# What the task asks
Restate the data exactly as given and keep the pictures out.

# Provided data
++++++

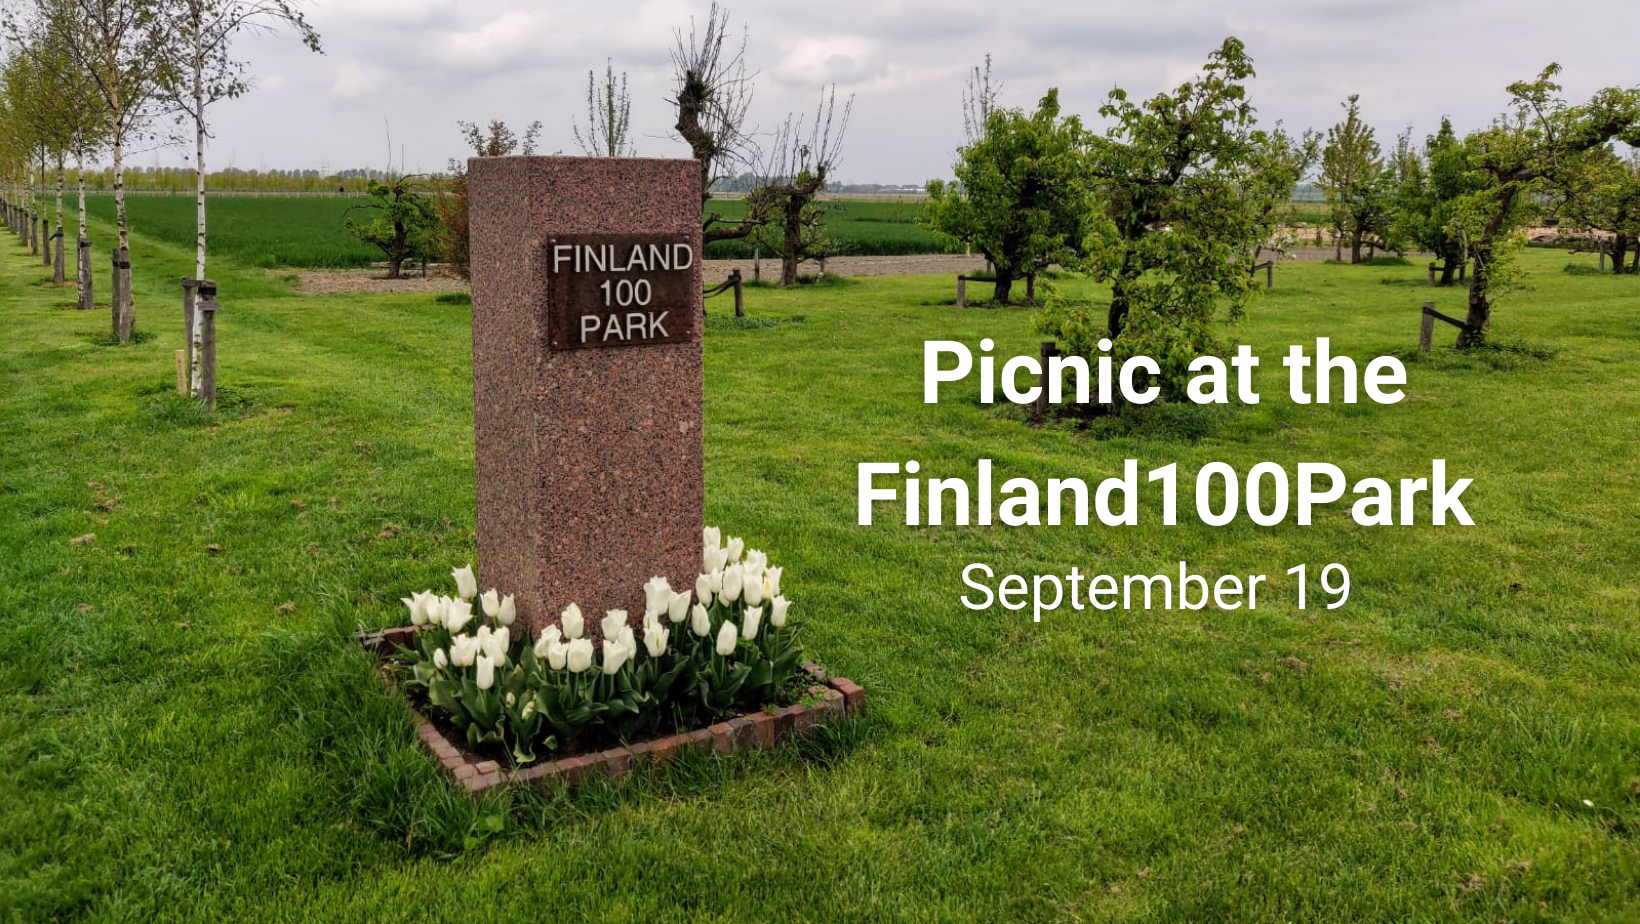 Picnic at the Finland100Park
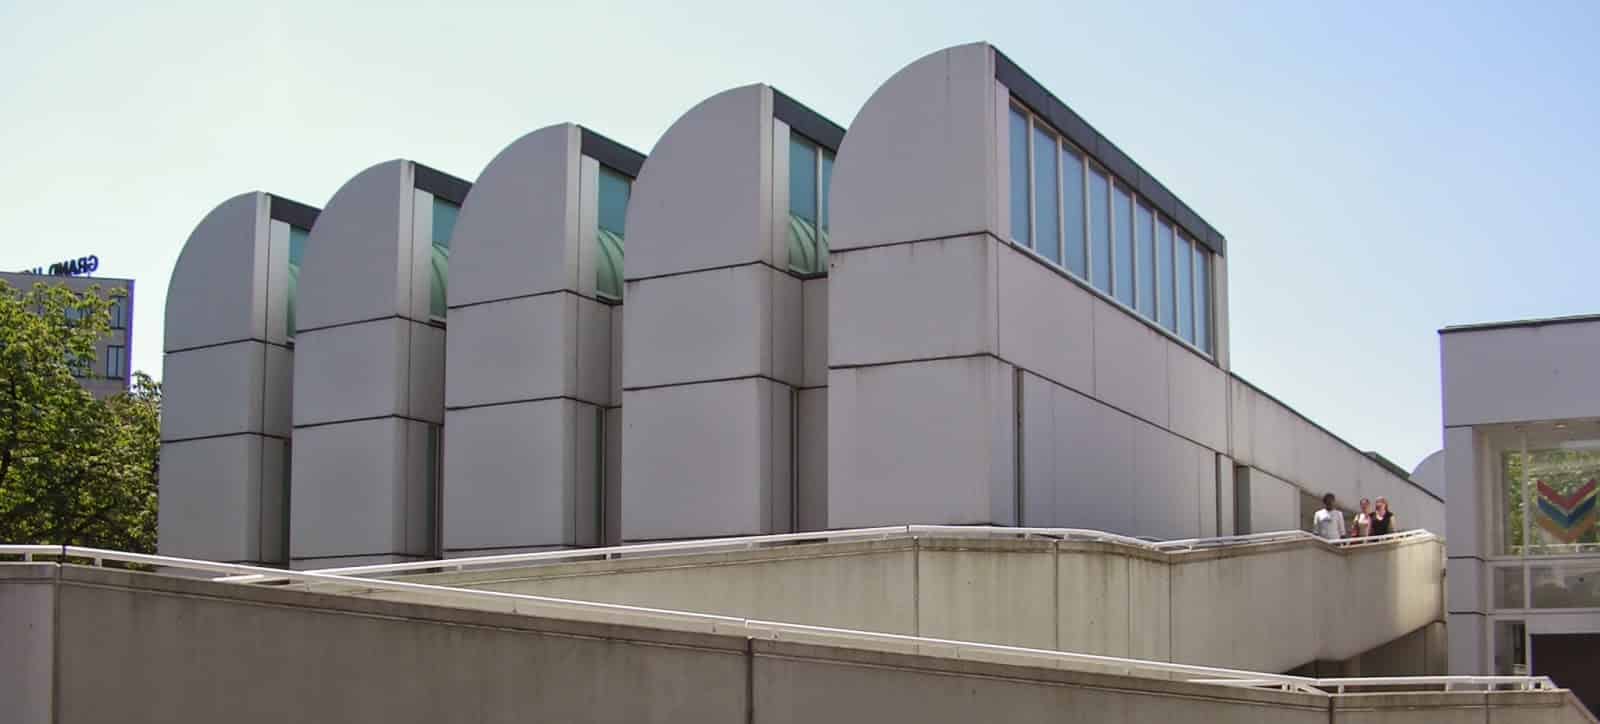 Walter Gropius' Bauhaus Archiv
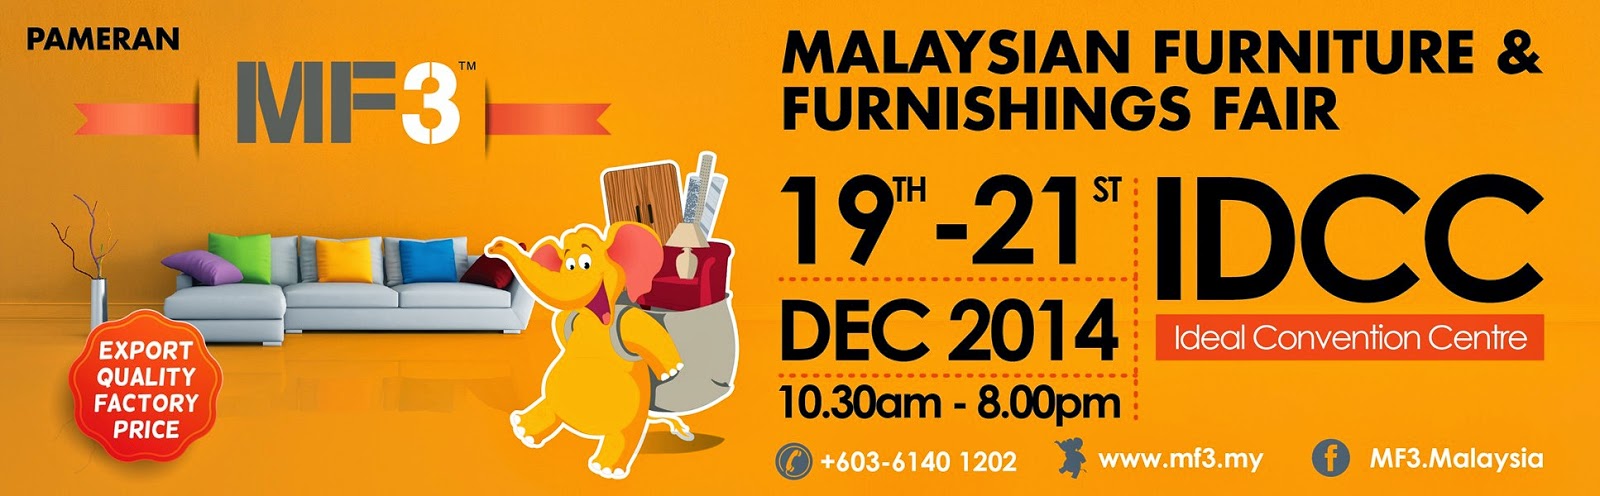 MF3 Malaysia Furniture & Furnishing Fair 2014 @Ideal Convention Centre Shah Alam

++++++

# Response box
 Picnic at the Finland100Park
 Walter Gropius' Bauhaus Archiv
 MF3 Malaysia Furniture & Furnishing Fair 2014 @Ideal Convention Centre Shah Alam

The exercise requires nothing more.